MOBILE SAFETY DEVICE

Abstract

A mobile safety device (1) is for rescuing at least one person at risk of falling. The safety device includes a support device (2) in the form of a jumping cushion, jumping sheet, platform, base plate or stretcher for receiving and transporting the person at risk of falling. A positioning device (3) locally positions the support device (2) at the location of the person at risk of falling.

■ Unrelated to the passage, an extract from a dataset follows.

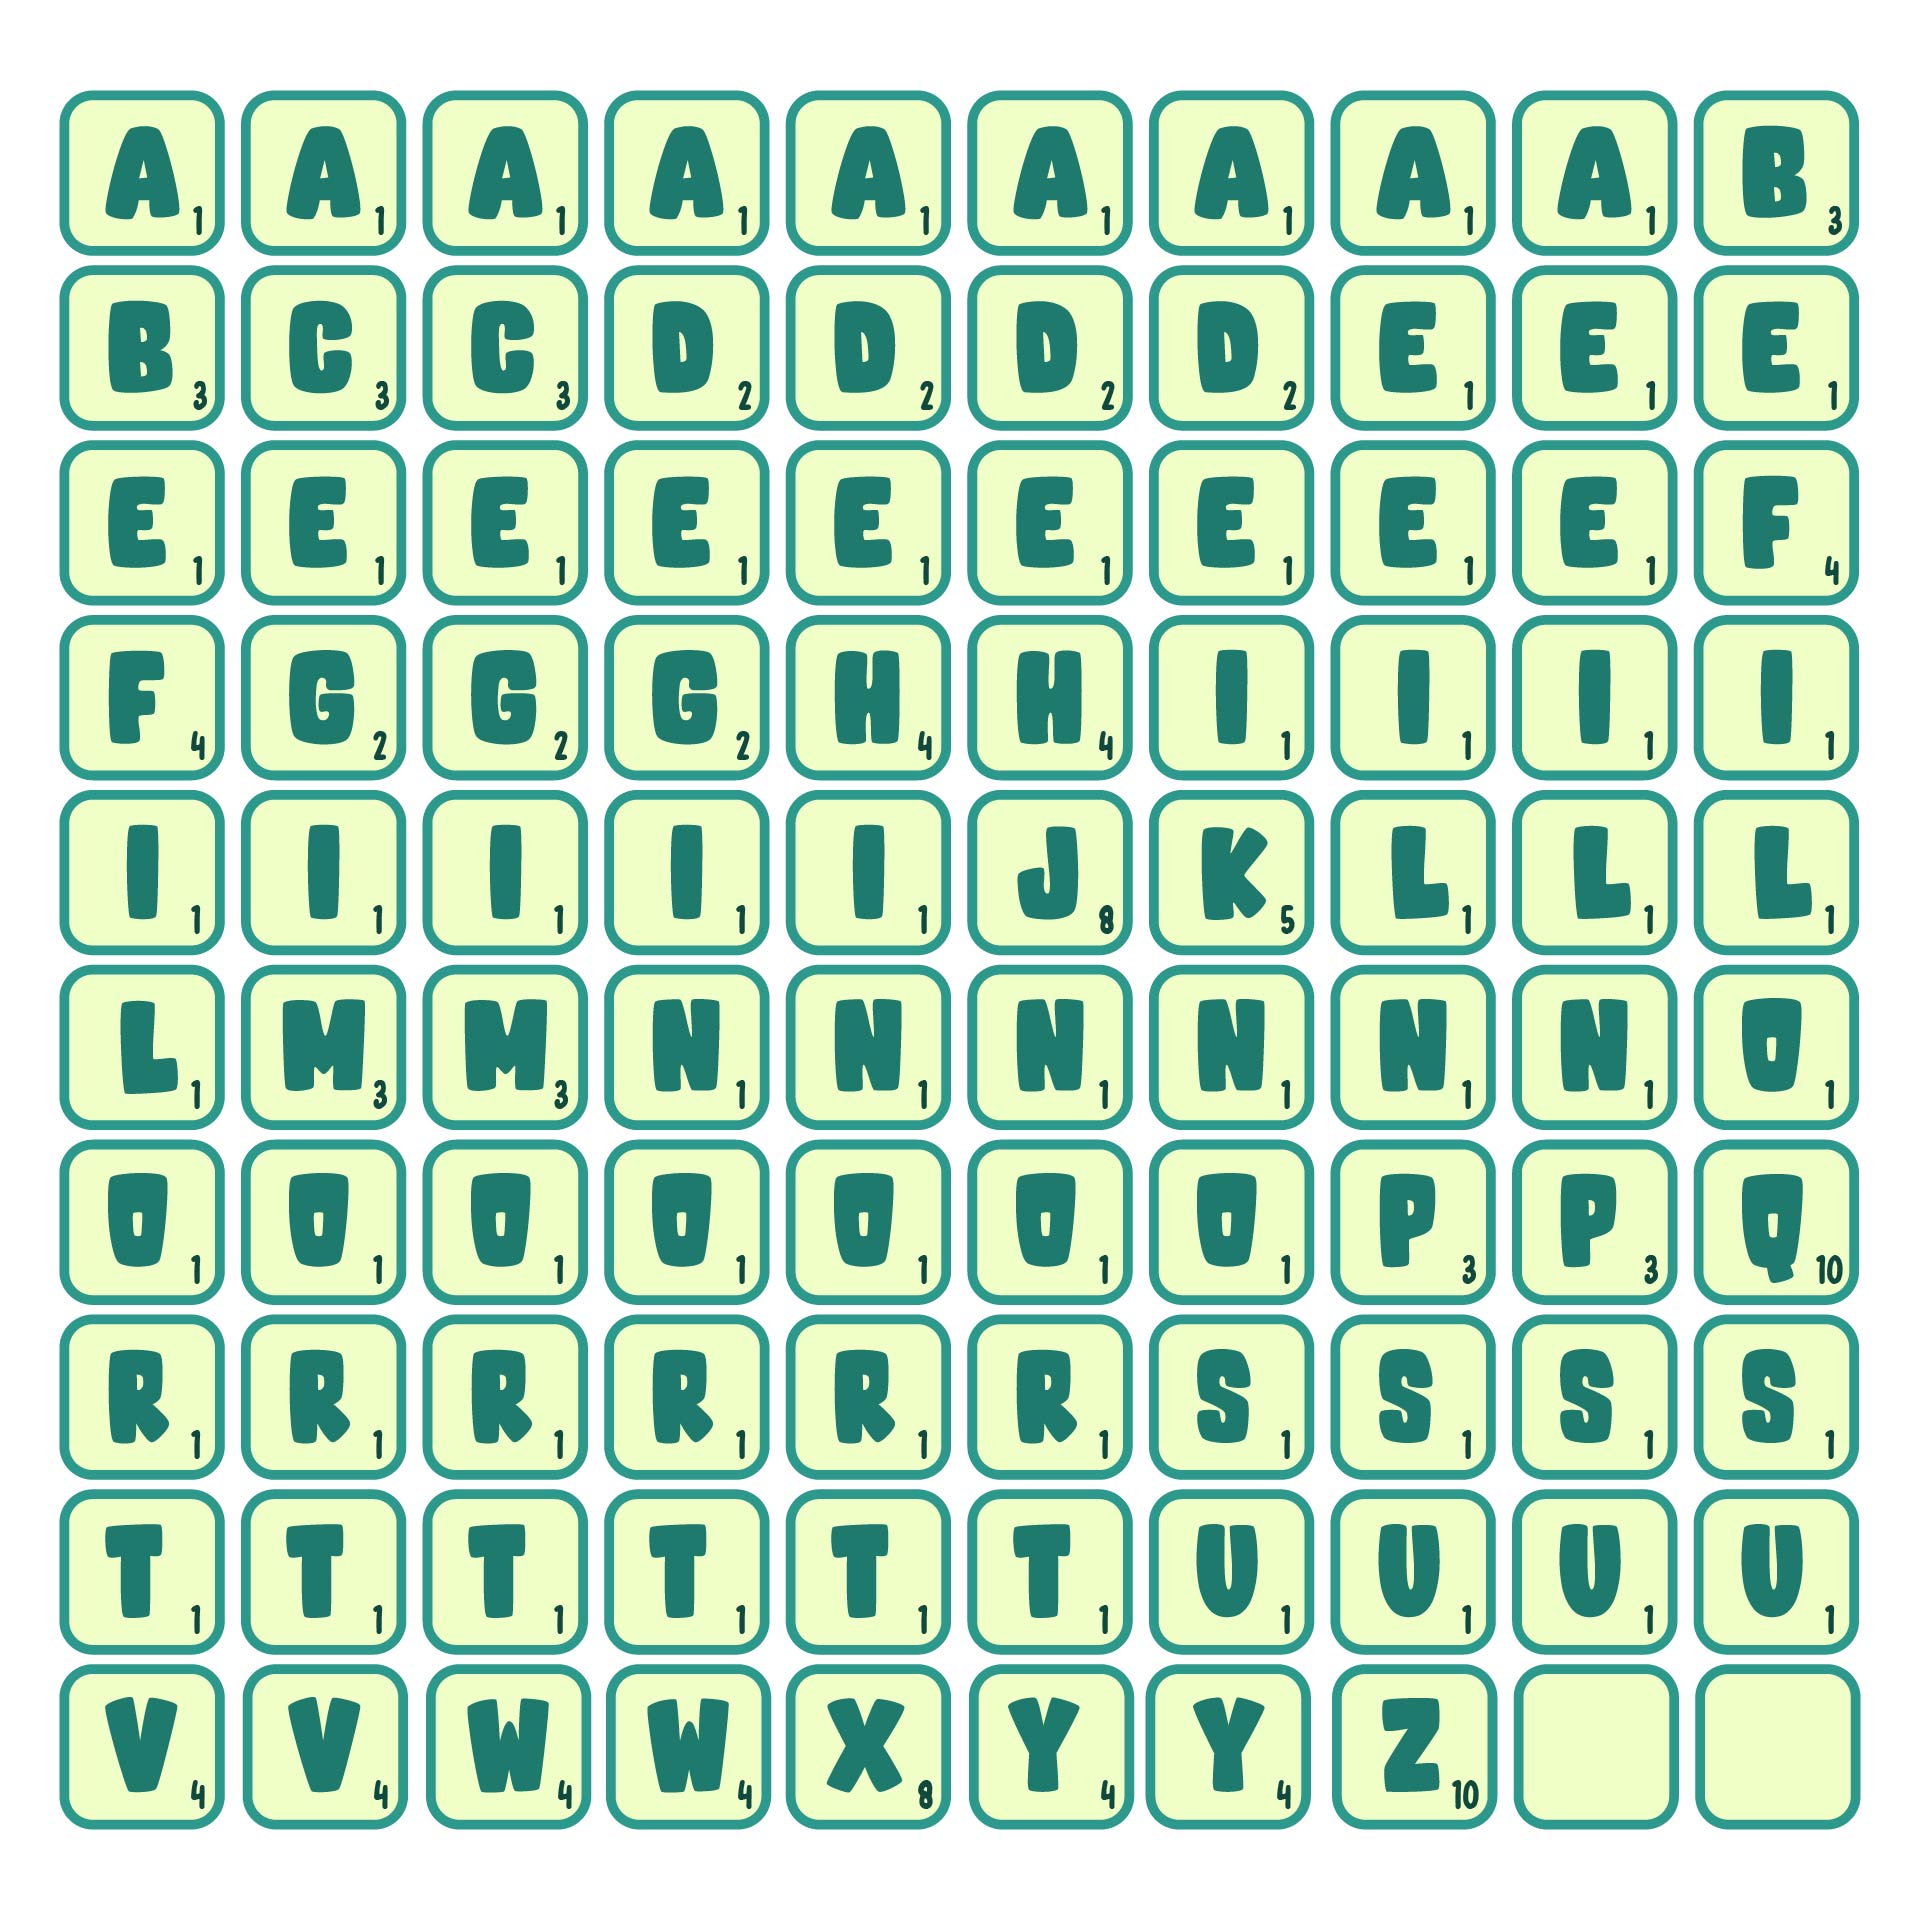 Printable Scrabble Letter Tiles

At least one unmanned, remote-controlled drone (4a, 4b, 4c, 4d) is provided as the positioning device (3).

Claims

1. Mobile safety device for rescuing at least one person at risk of falling, comprising a support device in the form of a jumping cushion, jumping sheet, platform, base plate or stretcher for receiving and transporting the person at risk of falling, a positioning device for locally positioning the support device at the location of the person at risk of falling, wherein the positioning device comprises at least one unmanned, remote-controlled drone.

2. Safety device according to claim 1, comprising a plurality of the drones.

3. Safety device according to claim 1, wherein each of the at least one drone is connected to an edge region and/or a corner region of the support device.

4. Safety device according to claim 1, wherein the at least one drone is located above the support device.

5. Safety device according to claim 1, wherein the at least one drone is located below the support device.

6. Safety device according to claim 1, wherein the at least one drone comprises a plurality of drones synchronized with one another in flight positions and/or flight movements.

7. Safety device according to claim 1, wherein the safety device comprises a camera system having at least one camera.

8. Safety device according to claim 7, wherein data of the camera system are transmitted, in real time, to a receiver.

9. Safety device according to claim 1, wherein the safety device comprises at least one sensor system for environment detection, having at least one sensor.

10. Safety device according to claim 9, wherein the sensor system of the safety device is at least one distance sensor.

11. Safety device according to claim 9, wherein the sensor system is at least one motion sensor for the person to be rescued.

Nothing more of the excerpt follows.